So far--in several posts and in my book Say Yes to No--I've emphasized the negative sides of technology--how it makes us distracted, nervous, less empathic, less spiritual, and in some ways, less human. This, in fact, is the direction of Sherry Turkle's research and her book I'm currently reading, Reclaiming Conversation. I also just re-watched the film Ex Machina, about Nathan, a computer genius and owner of a web-search company--think Google. Nathan creates Ava (whose name is obviously a play on that of the first woman of the Bible, Eve). Ava is a beautiful and alluring strong artificial intelligence (AI) robot who can also pass the Turing Test. In the course of the film, Nathan declares something significant to Caleb (one of his employees who has been recruited by Nathan to assess Ava):
"The arrival of strong artificial intelligence has been inevitable for decades. The variable was when, not if." Nathan in Ex Machina
About half way through the film, the movie pivots and begins to emphasize the dark side of technology. Ultimately, Ava turns out to be dangerous, self-serving, manipulative, and even murderous. This seems to be a parable for our fears about tech--we create something that overwhelms us. (I remember first watching this as a kid seeing Fantasia and the famous "Sorcerer's Apprentice" scene.)
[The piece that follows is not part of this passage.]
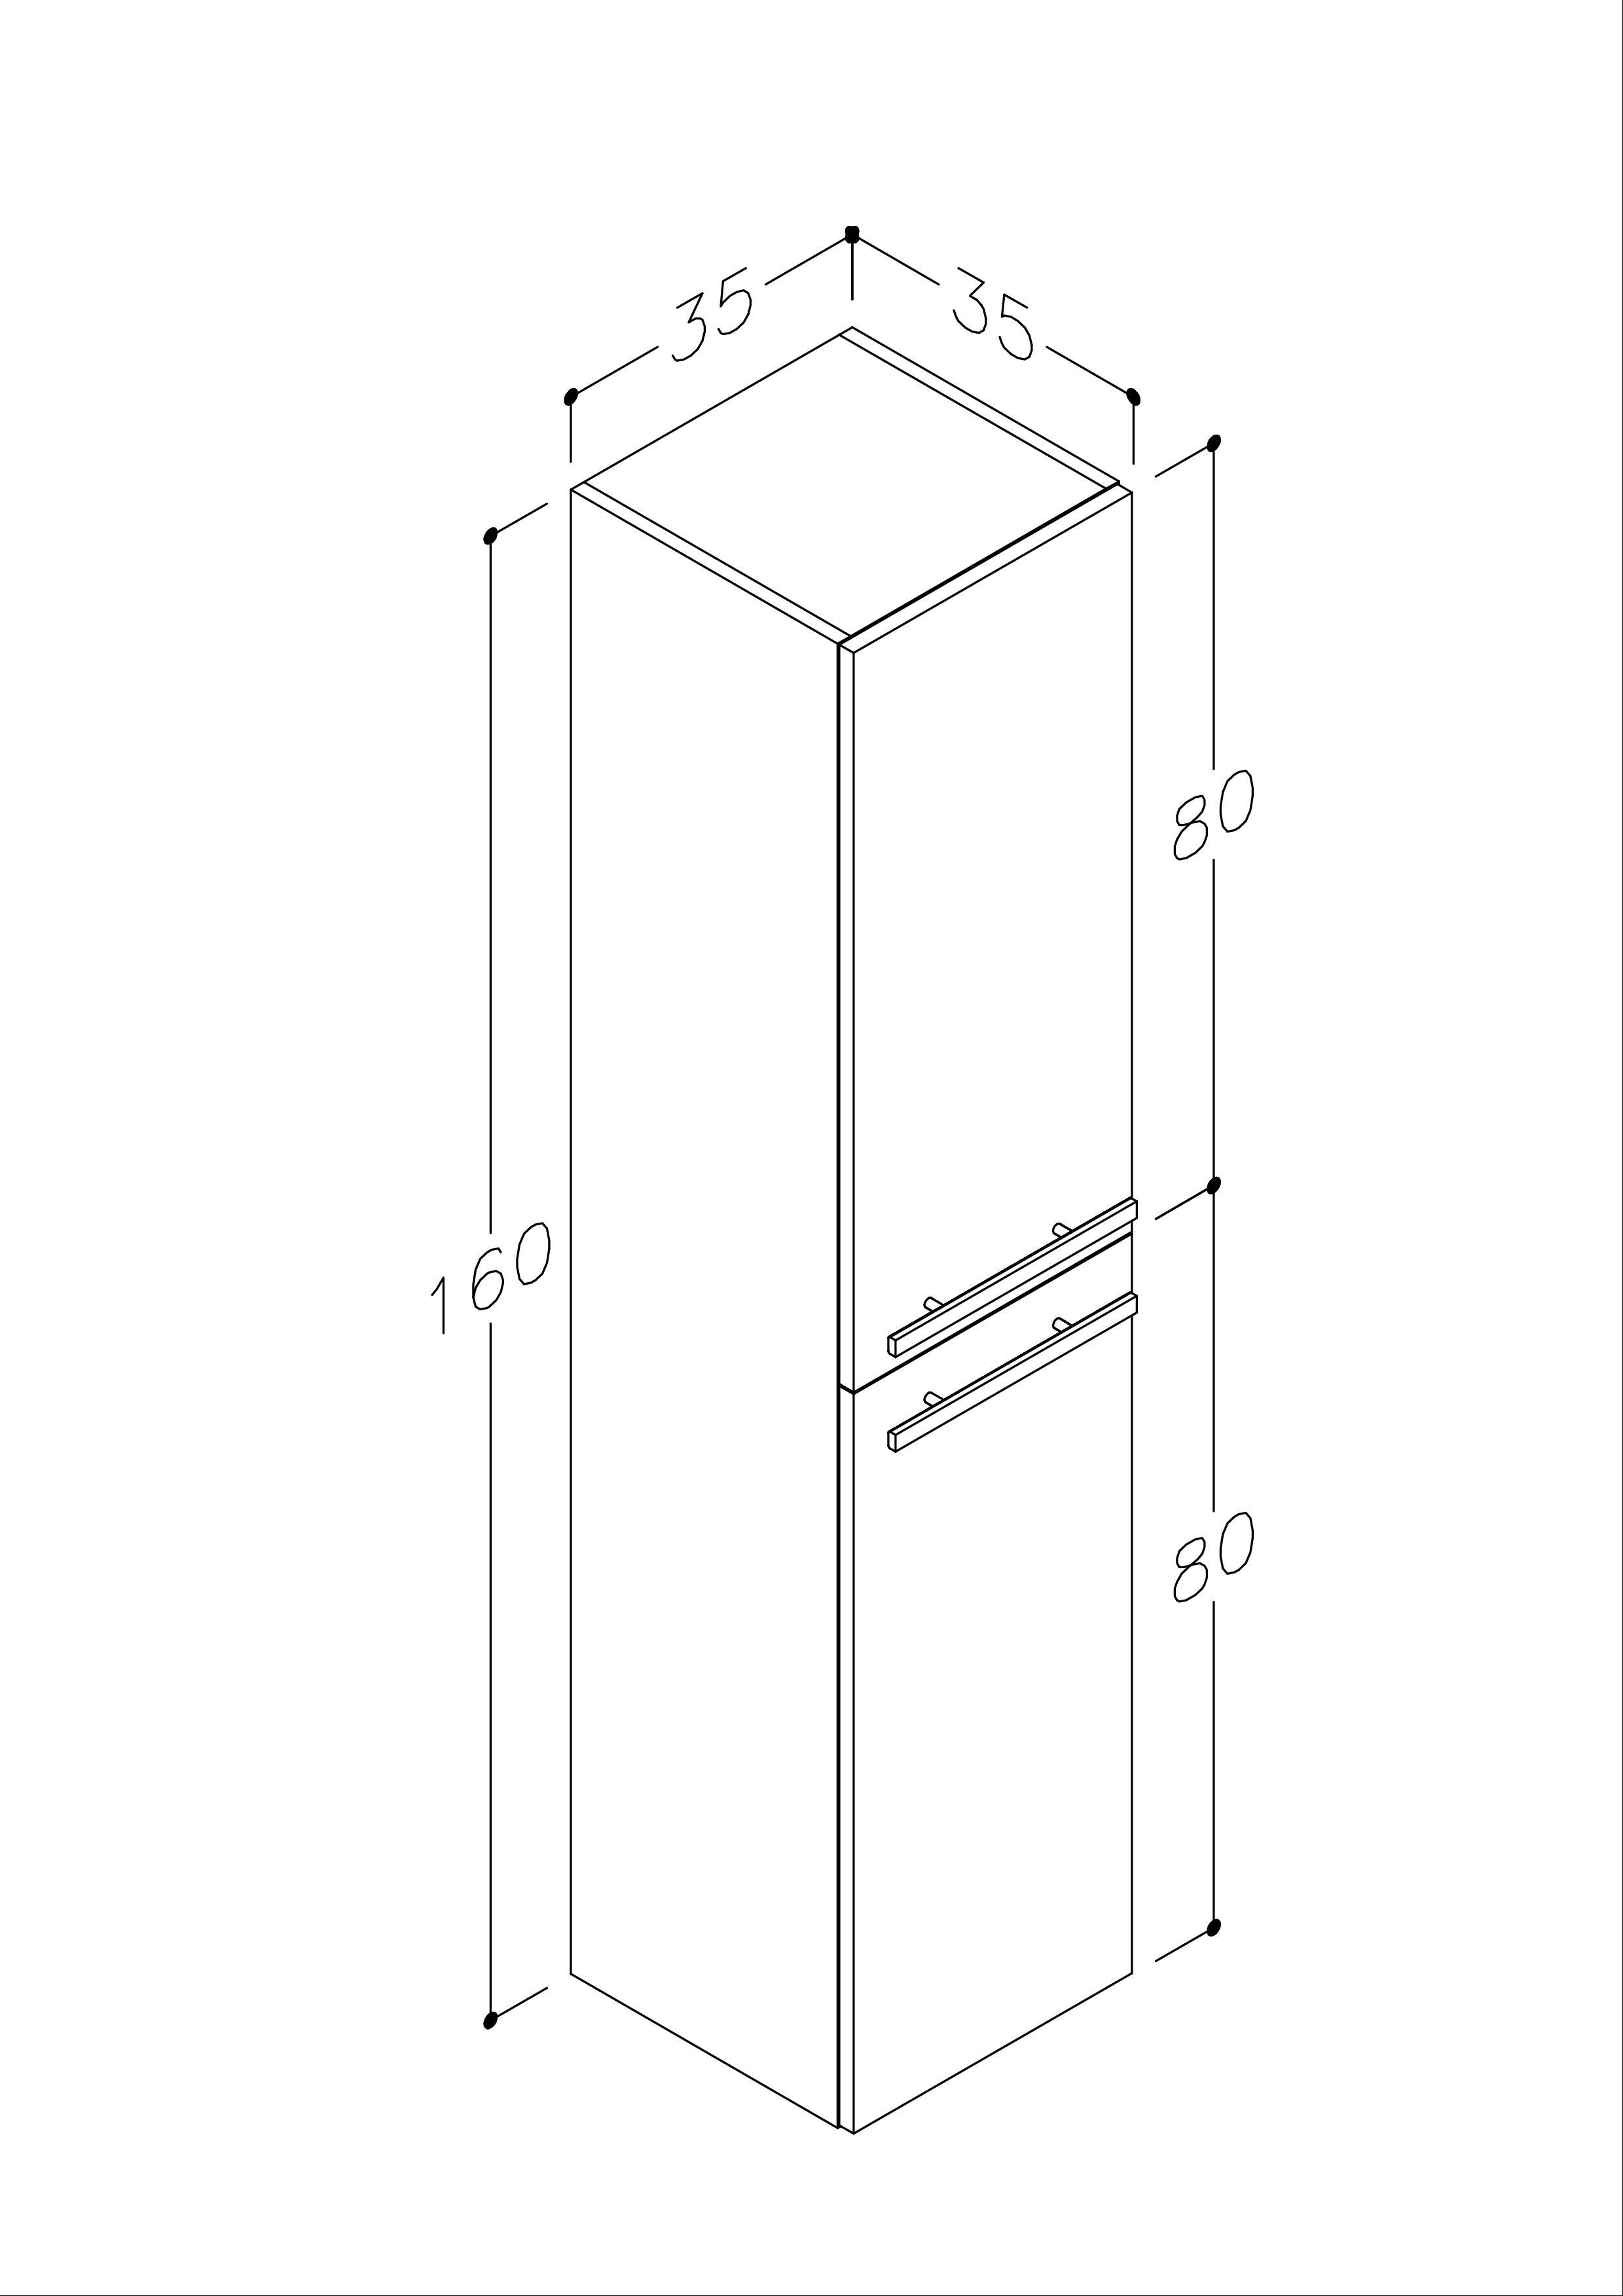 Bad Hochschrank Serena 35 mit 2 Türen, Wäschekorb, Weiß glänzend Bild 2
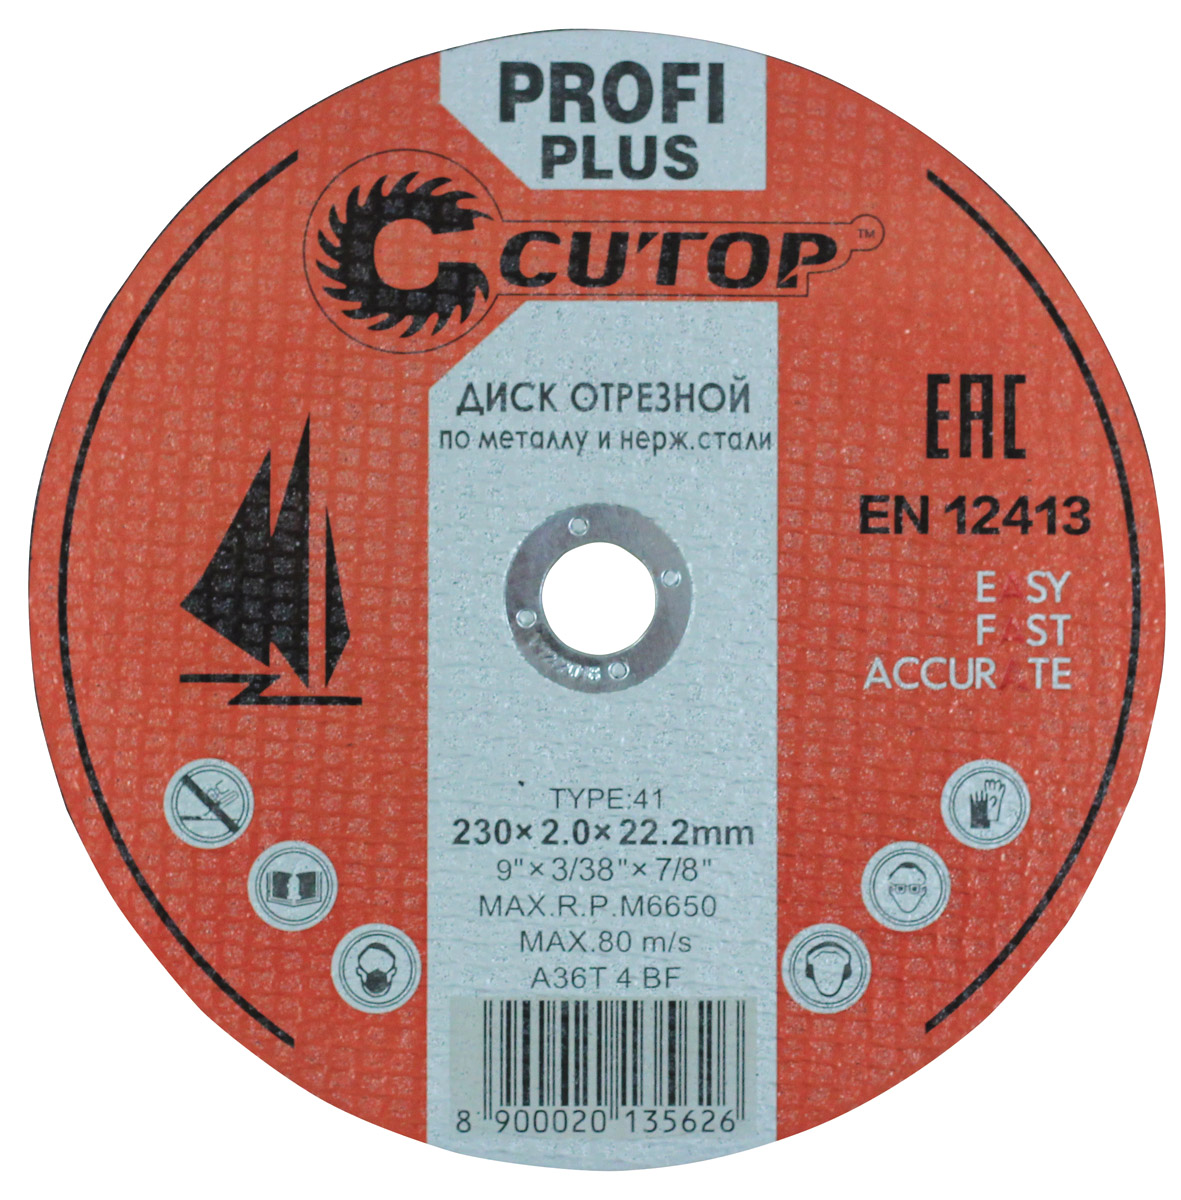 Круг отрезной Cutop Profi plus 40001т диск отрезной алмазный турбо 230x22 2 мм cutop 61 23030

Why do we fear technology--its presence in our lives and what skulks on the horizon? This question brings me back to the film.
The title, "Ex Machina" obviously plays on the old Greek tragedy's trope of Deus Ex Machina, or "god of the machine," " where a machine is used to bring actors playing gods onto the stage. The machine could be either a crane (mechane) used to lower actors from above or a riser that brought actors up through a trapdoor. Preparation to pick up the actors was done behind the skene. The idea was introduced by Aeschylus and was used often to resolve the conflict and conclude the drama." It now denotes an unrealistically resolved plot.
But here, in Ex Machina, the direction is reversed--the plot isn't resolved, but descends into anarchy. It is not a comedy--where the initial values of the film's world are restored, but a tragedy, where suddenly there is an anonymous AI robot released into the world creating chaos. The "god" of the machine--the creator of Ava--is destroyed. Here I think immediately of The Matrix or of The Terminator's Skynet.
But why do we fear technology? I mean, my smart phone is almost always at my side. Google Maps does help me find directions really easily. I enjoy music on my iPhone. More substantially, cell phones help poor African farmers find the best price for their crop and thus make enough money to live. Pico projectors offered training to stem the tide of Ebola--ask my friend Matt York at OMPT.
Nonetheless, I realize there is power over me that is sometimes seemingly impossible to resist. Sherry Turkle reminds us that, on the average, Americans check their cell phone every 6 ½ minutes. That seems a little scary because I'll bet that time interval is decreasing, and despite all the good things tech has brought, the creation seems to be overwhelming the creators. Maybe it's even an intimation of "original sin," this notion that there is something lurking in us that cannot resist the temptation to misuse what is powerful and even, at some level, good. I sense this concern, even hints of fear, running as an undercurrent throughout Turkle's recent work.
So why do we fear the future of the presence of technology? I'm not sure we're convinced we have sufficiently robust wills to properly use its powers. Maybe we need to move beyond fear. Perhaps, however the first step is to affirm the good that tech brings.
I'll leave it there for now (although you can find other reflections here) and will return to this positive side of tech in a future post.